__WHAT YOU HAVE TO DO__: Print exactly the lines that run from the opening line of the material through the line with "Hip Hop Curb", and nothing else, leaving out pictures.

[Opening INFORMATION SHOWN section]

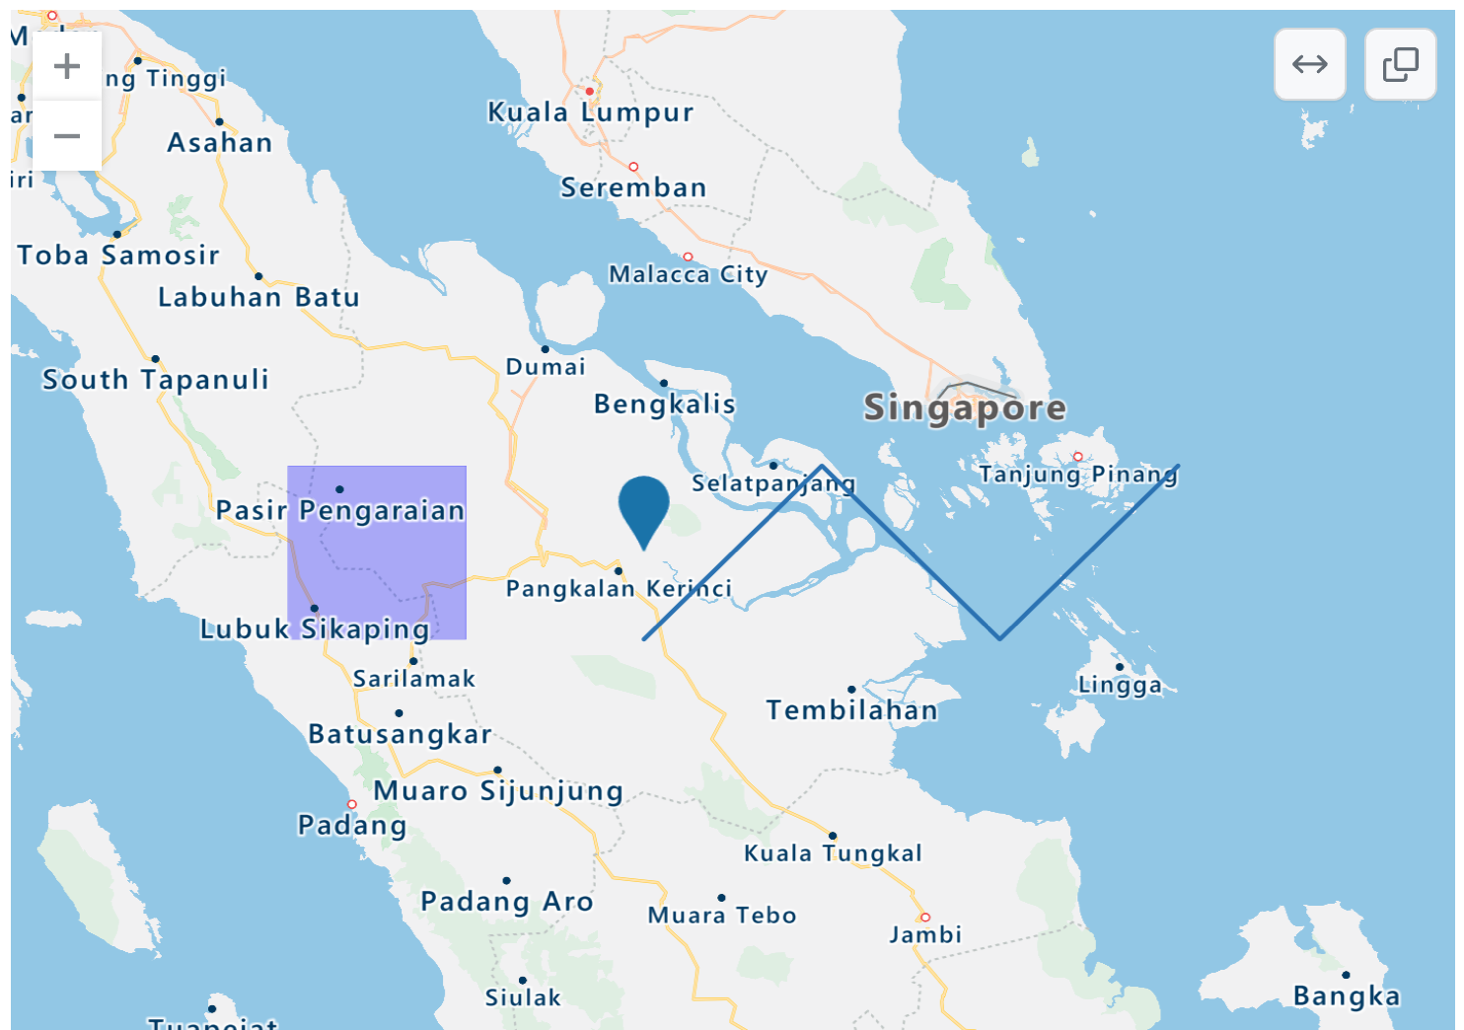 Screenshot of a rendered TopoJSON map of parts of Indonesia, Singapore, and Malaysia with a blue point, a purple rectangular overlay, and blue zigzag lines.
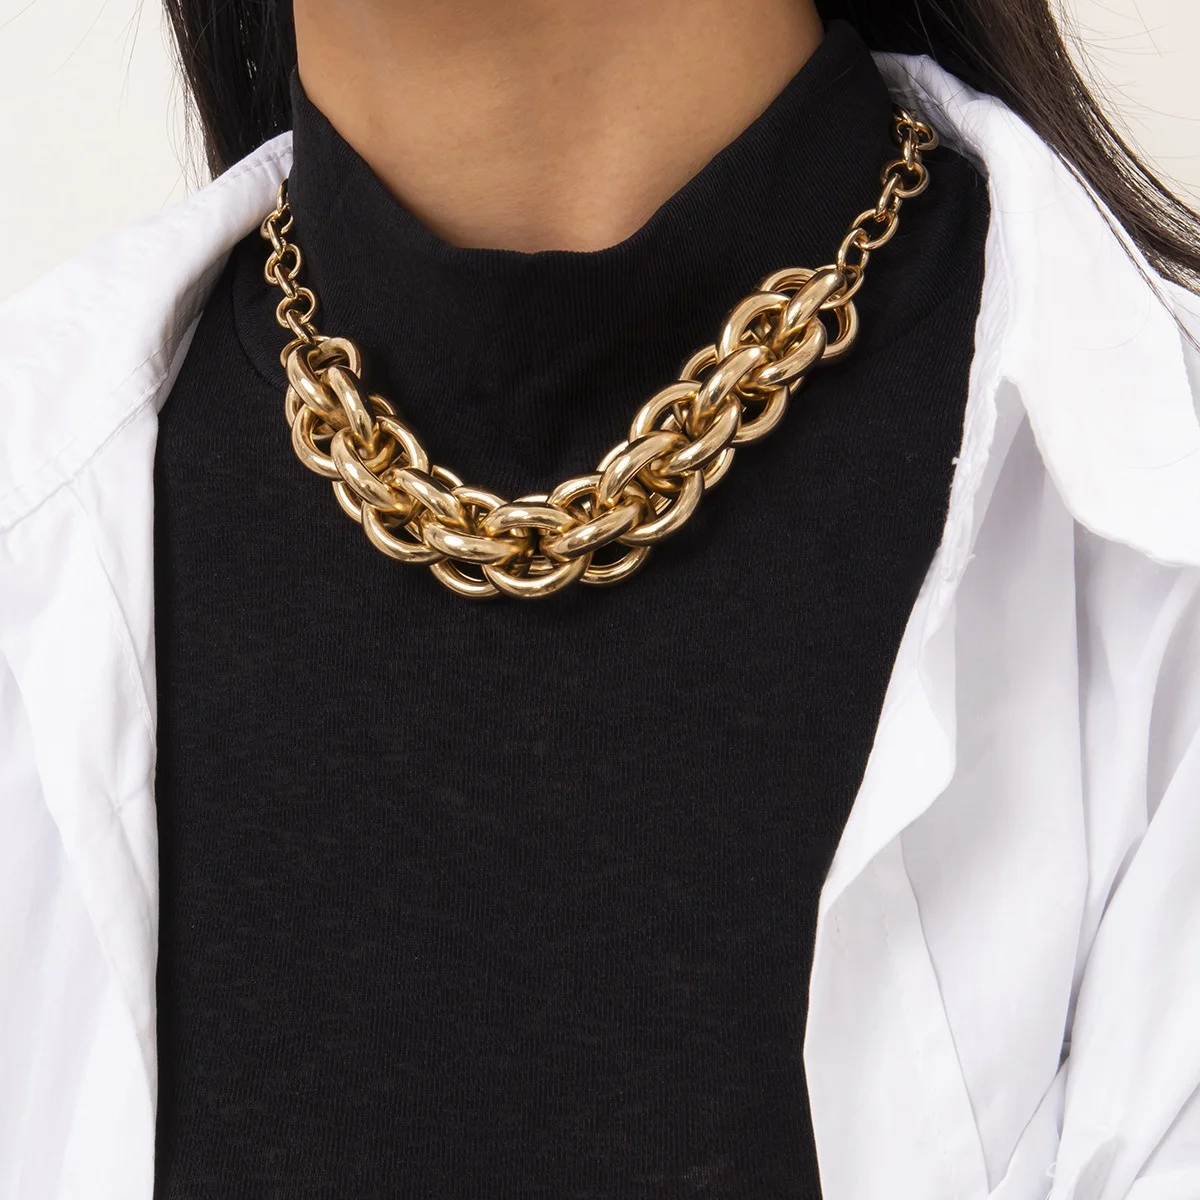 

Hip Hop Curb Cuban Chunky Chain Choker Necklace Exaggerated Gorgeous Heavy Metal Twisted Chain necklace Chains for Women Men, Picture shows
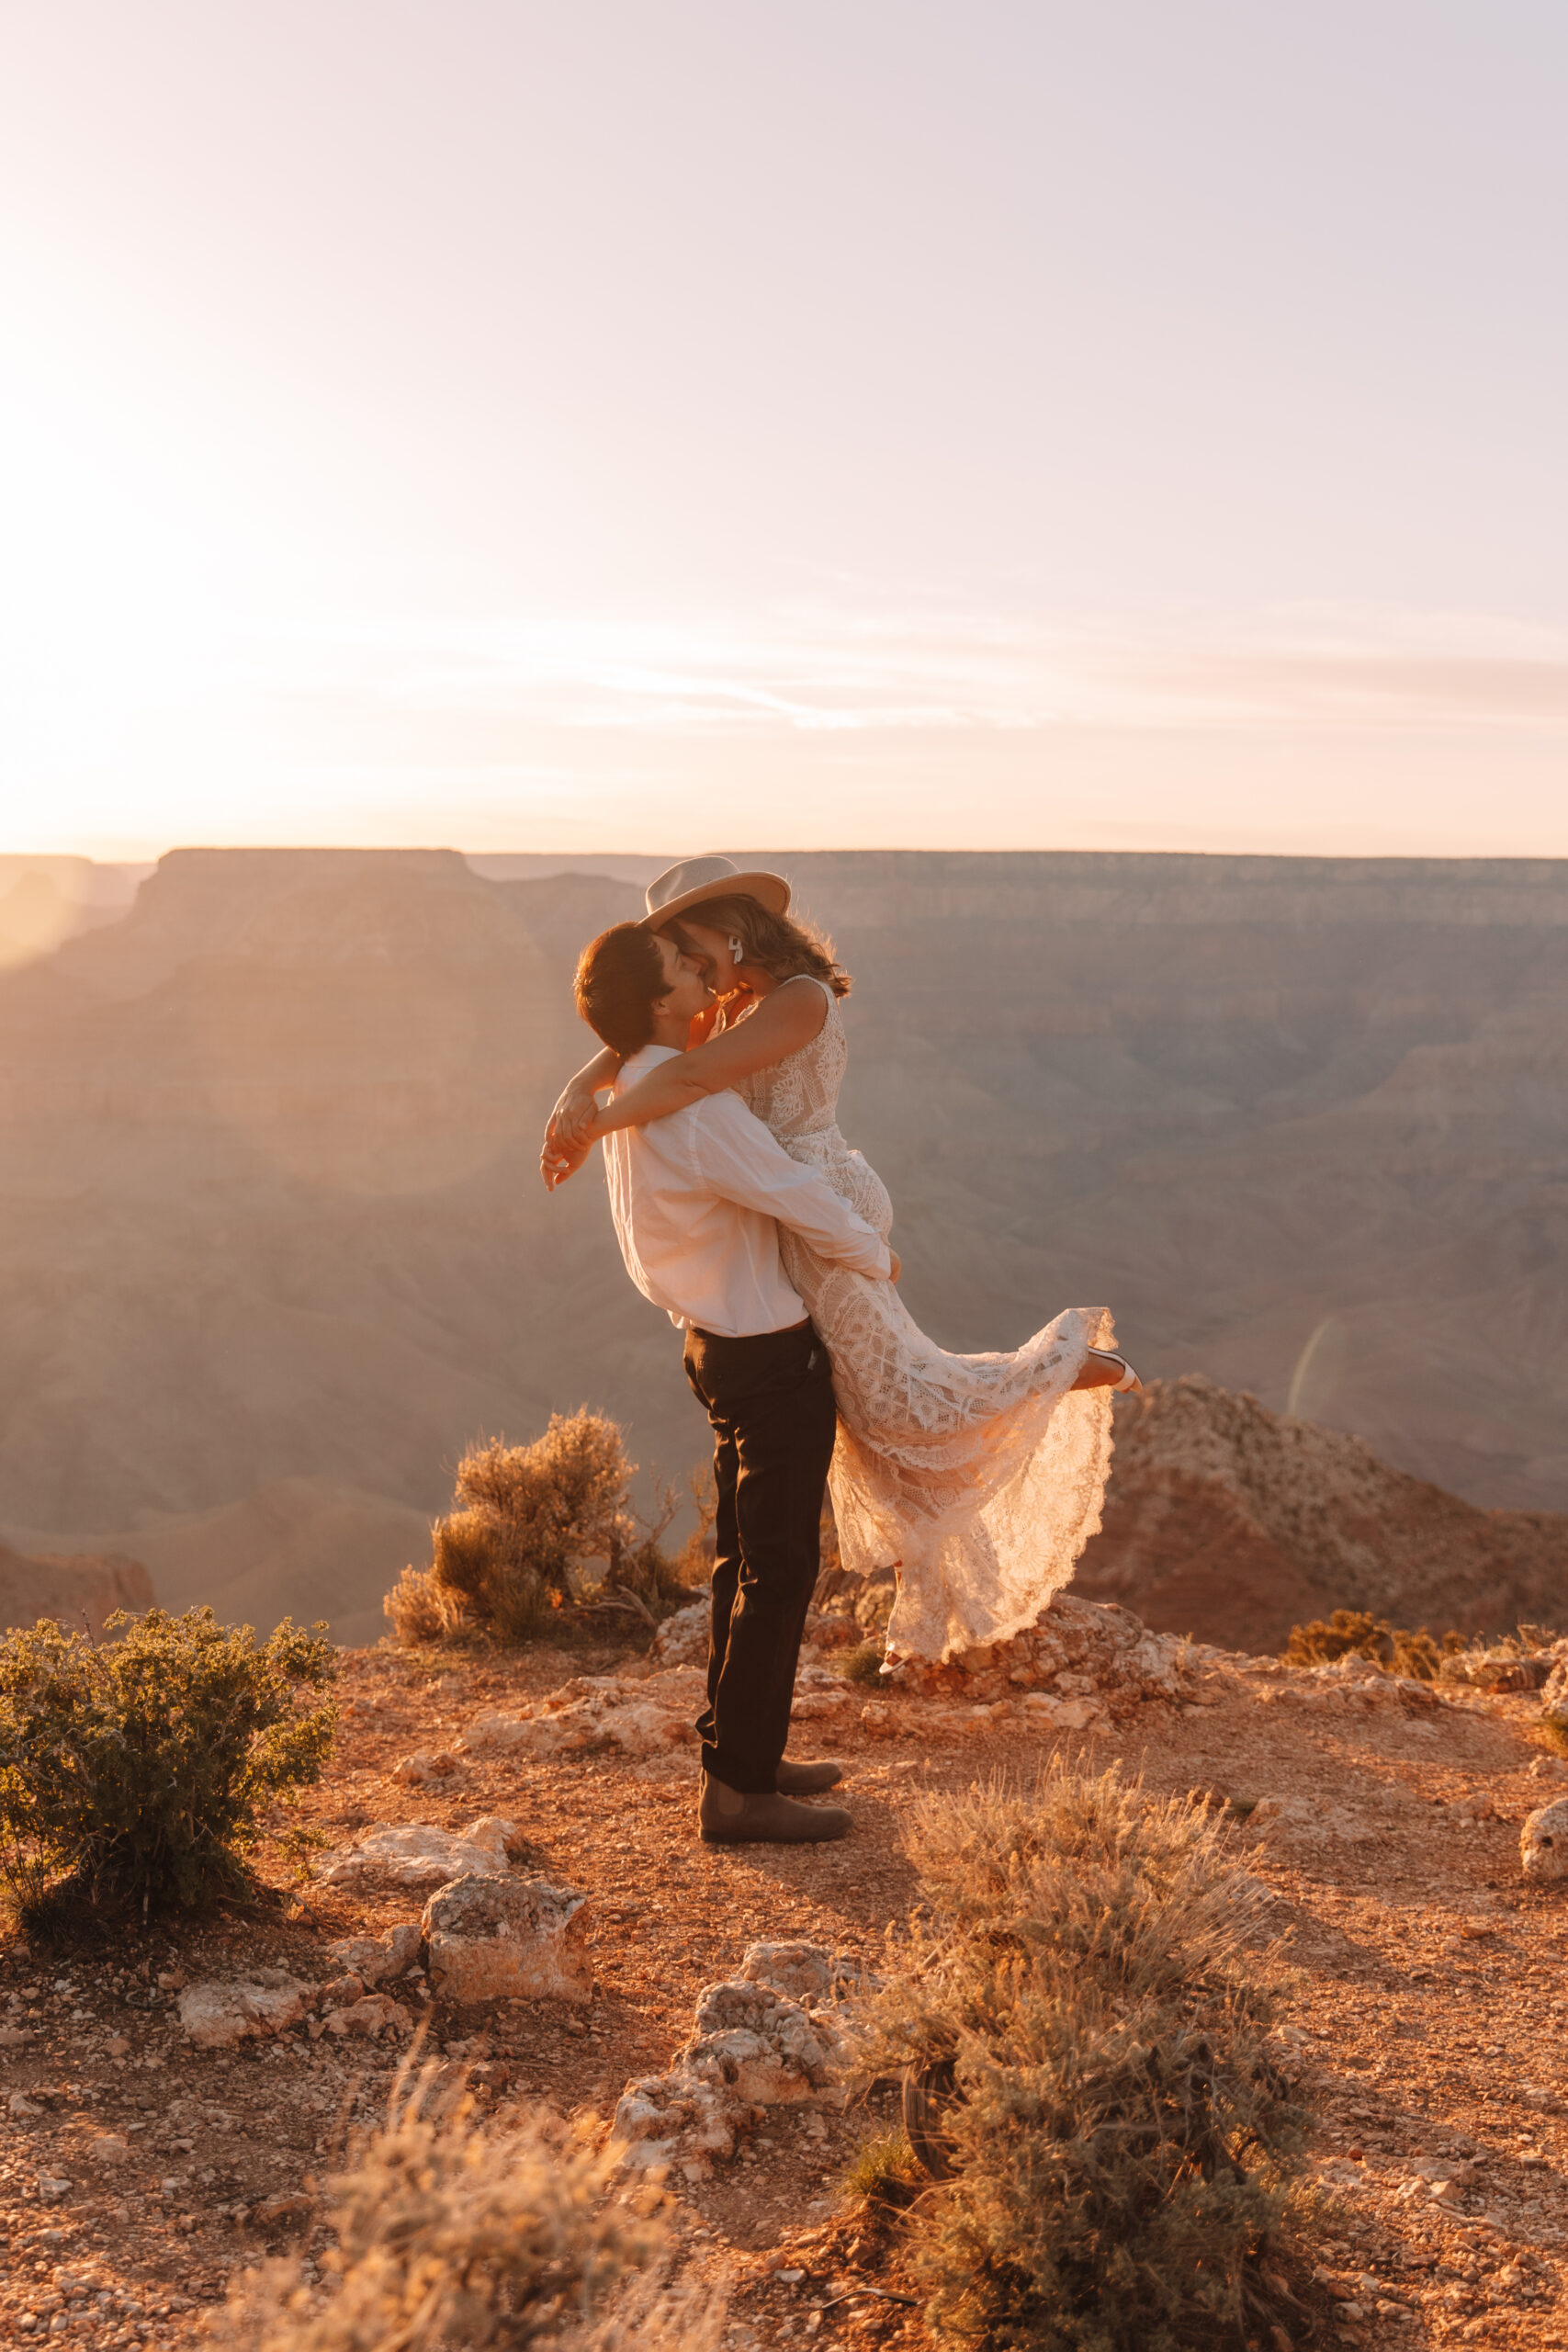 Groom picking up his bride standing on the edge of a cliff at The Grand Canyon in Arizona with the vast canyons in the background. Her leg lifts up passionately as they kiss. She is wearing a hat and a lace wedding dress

[Closing INFORMATION SHOWN section]

__RESULT FOR THIS TASK__:
 Screenshot of a rendered TopoJSON map of parts of Indonesia, Singapore, and Malaysia with a blue point, a purple rectangular overlay, and blue zigzag lines.

Hip Hop Curb Cuban Chunky Chain Choker Necklace Exaggerated Gorgeous Heavy Metal Twisted Chain necklace Chains for Women Men, Picture shows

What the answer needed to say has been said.